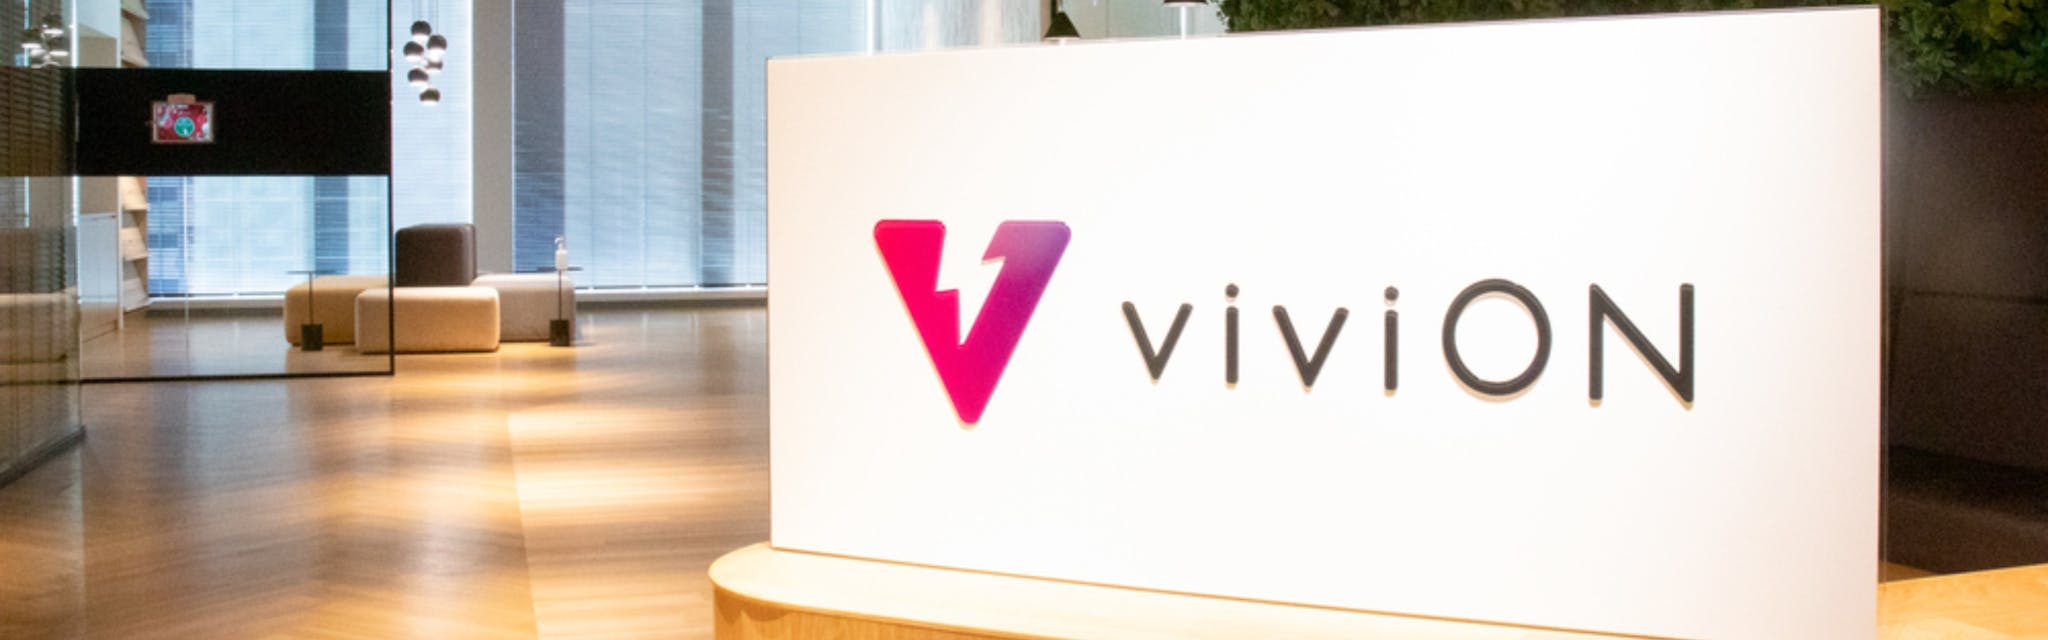 株式会社viviON - カバー画像
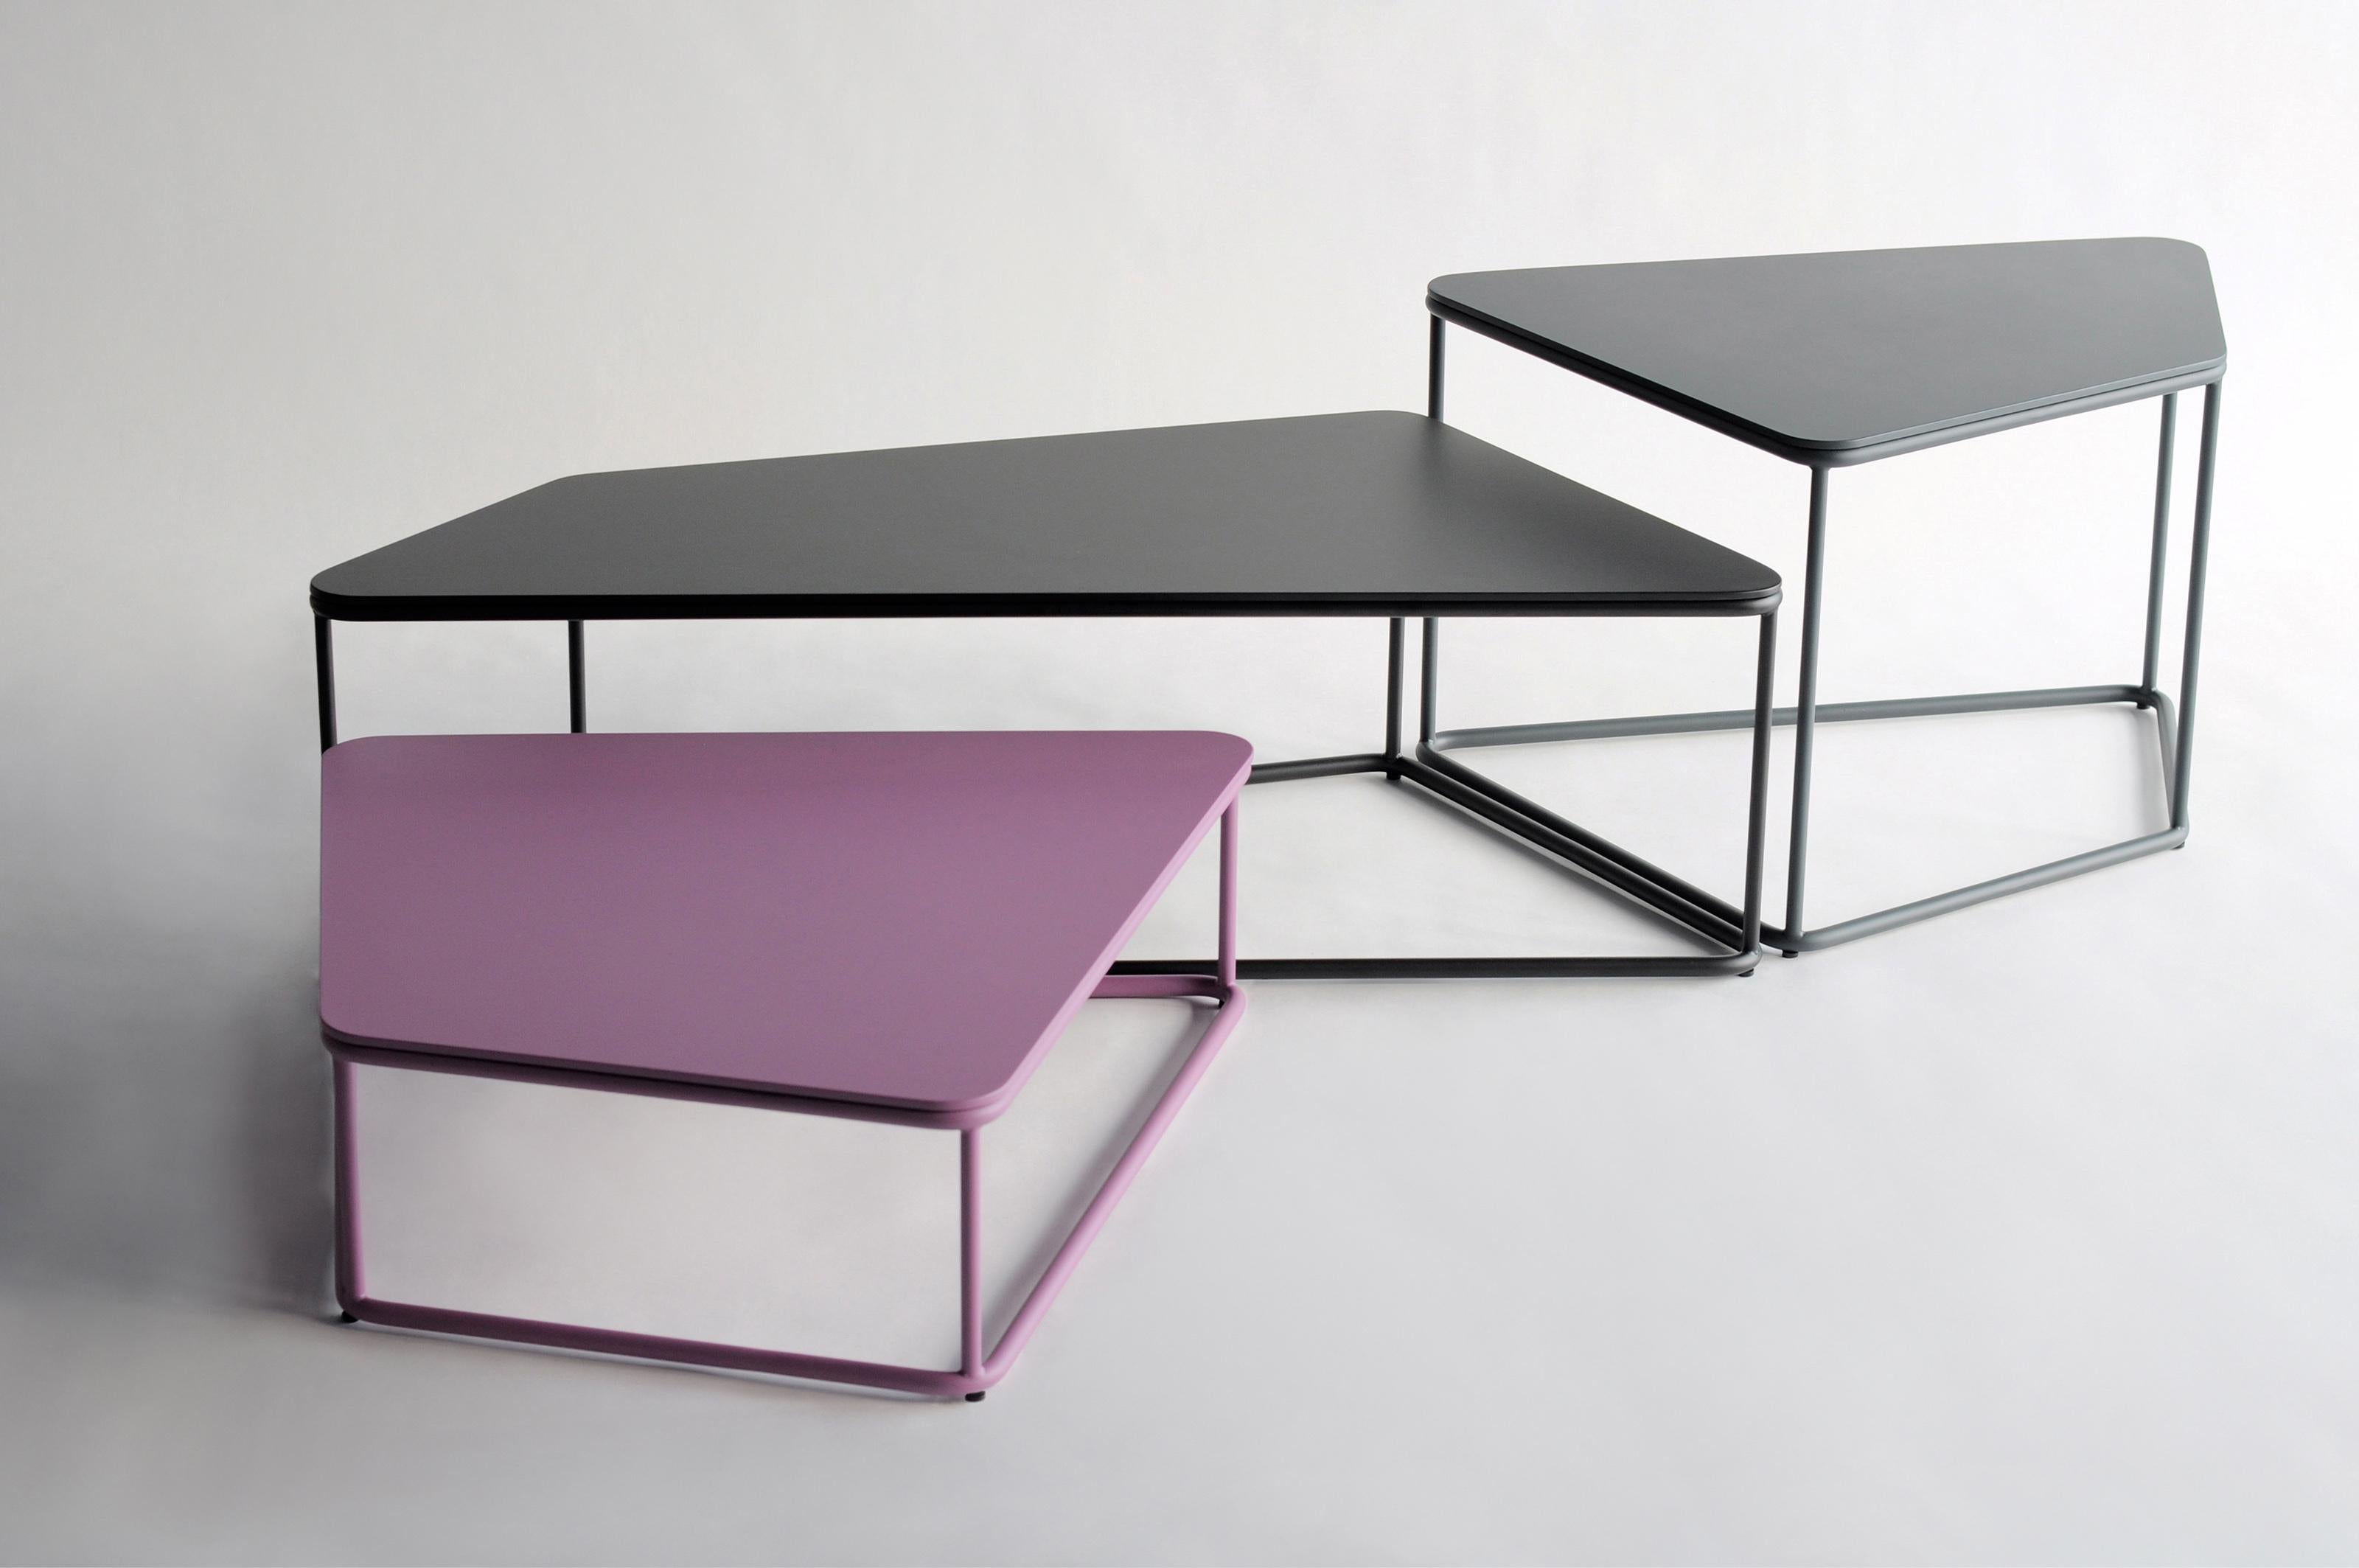 Ensemble de 3 tables Pangaea par Phase Design
Dimensions : P 85,7 x L 129,5 x H 40,6 cm. 
Matériaux : Acier peint par poudrage.

Barres et plaques d'acier massif. L'acier est disponible en blanc brillant ou plat, en noir, en gris, en violet ou en
# # # # #
What to produce:
Repeat the material above word for word, please, apart from its images.

Answer to this task:
 株式会社viviON - カバー画像
 Ensemble de 3 tables Pangaea par Phase Design
Dimensions : P 85,7 x L 129,5 x H 40,6 cm. 
Matériaux : Acier peint par poudrage.

Barres et plaques d'acier massif. L'acier est disponible en blanc brillant ou plat, en noir, en gris, en violet ou en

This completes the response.